拠点に転移すると樹里さんがはしゃぎだした。
「なによこの部屋、超かわいいじゃん。私ここに住みたいよー」
「あー、ここは夢の国に併設されたホテルの部屋なんです。お家賃もここだけは超高くてびっくりの月、百万円なんですよ……」
「え、まじで?」
「うん、夢の国の中にダンジョンが出来ちゃったから、ダンジョン協会がここをホテルごと買い取って、千葉支部作ったんですよ。で協会支部を一階フロアに作って上を全部マンスリーマンションで貸し出してるんです。探索者って、お金持ちの人多いから、結構埋まってるらしいですよ。特典として無記名の夢の国の年間フリーパスが四人分ついてたりするんですけどね」
「いいなぁ、特務隊のお給料じゃとても住めないのは間違いないね……」
そんな話をしてると、美穂さんのスマホに電話がかかってきた。
『君川三佐、どうされたんですか?』
『ちょっと心愛ちゃんに変わってくれ』
そう伝えられて美穂さんが私にスマホを渡してきた。
『心愛ちゃんすまない。
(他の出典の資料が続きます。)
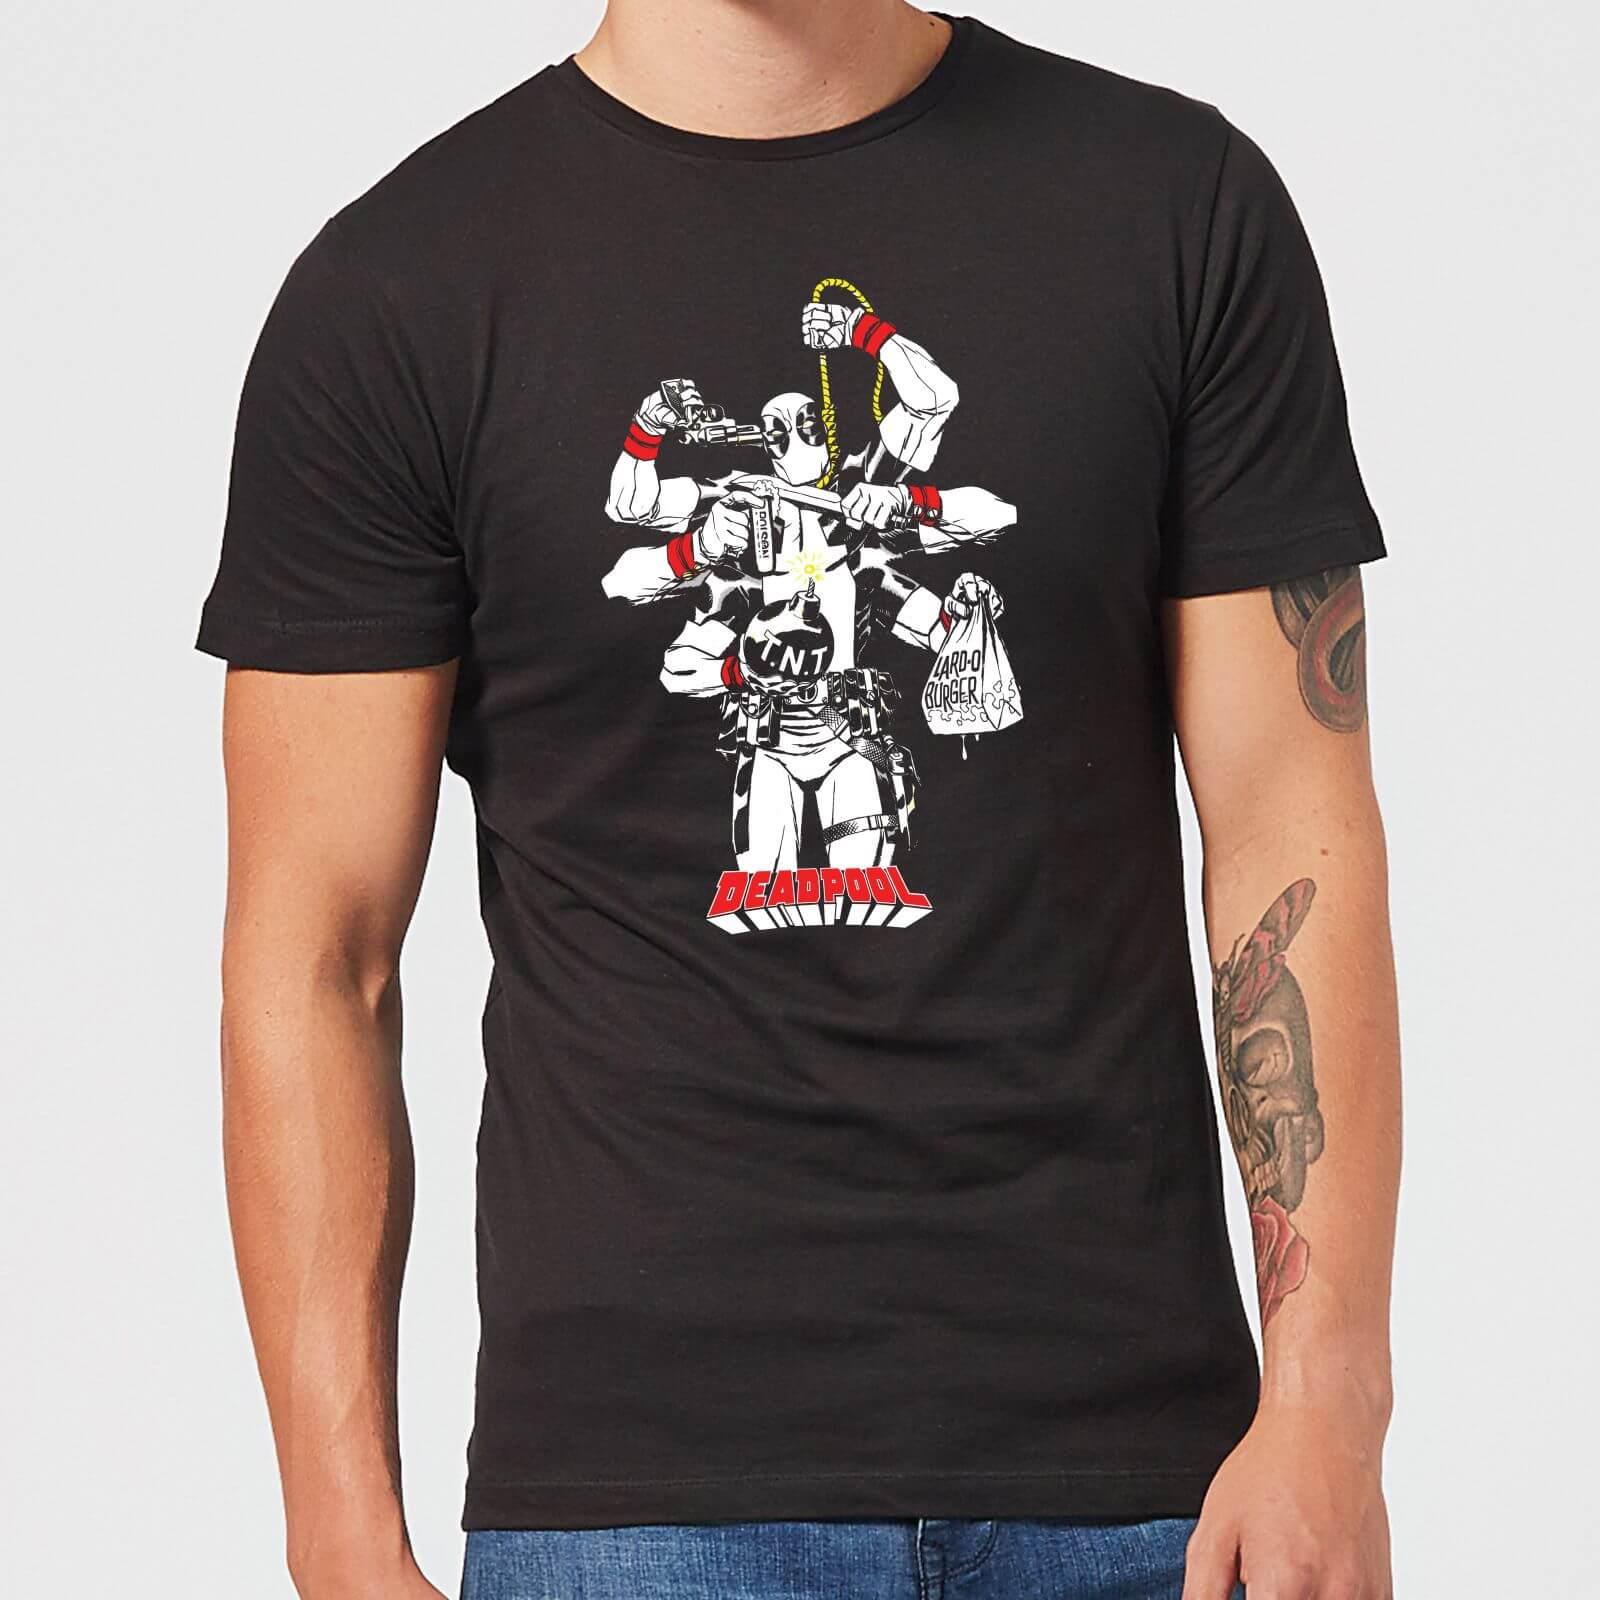 OfferteWeb.click 27-t-shirt-marvel-deadpool-multitasking-nero-uomo-l

昨日のダンジョンの再設置のニュースを見て、夢の国の施設と千葉県が、ダンジョン省に要望をあげたらしいんだ。子供や家族連れも多く集まる場所だから、千葉ダンジョンもダンジョンシティーで引き取ってもらえないかって』
『そうなんですね。それでどうしたらいいんですか?』
『俺もパーティーに加えて貰って一緒にクリアしたいんだけど大丈夫かな?』
『あと一名は枠がありますから、迎えに行きましょうか?』
『よろしく頼むよ。今は金沢支部にいるので待ってるね』
『わかりましたー』
みんなに今の話を説明して君川さんを迎えに行くことにした。
ついでにチームシルバーのメンバーも全員千葉ダンジョンのクリアに参加させてほしいっていう話になって、金沢と千葉の間を三往復もさせられちゃったよ。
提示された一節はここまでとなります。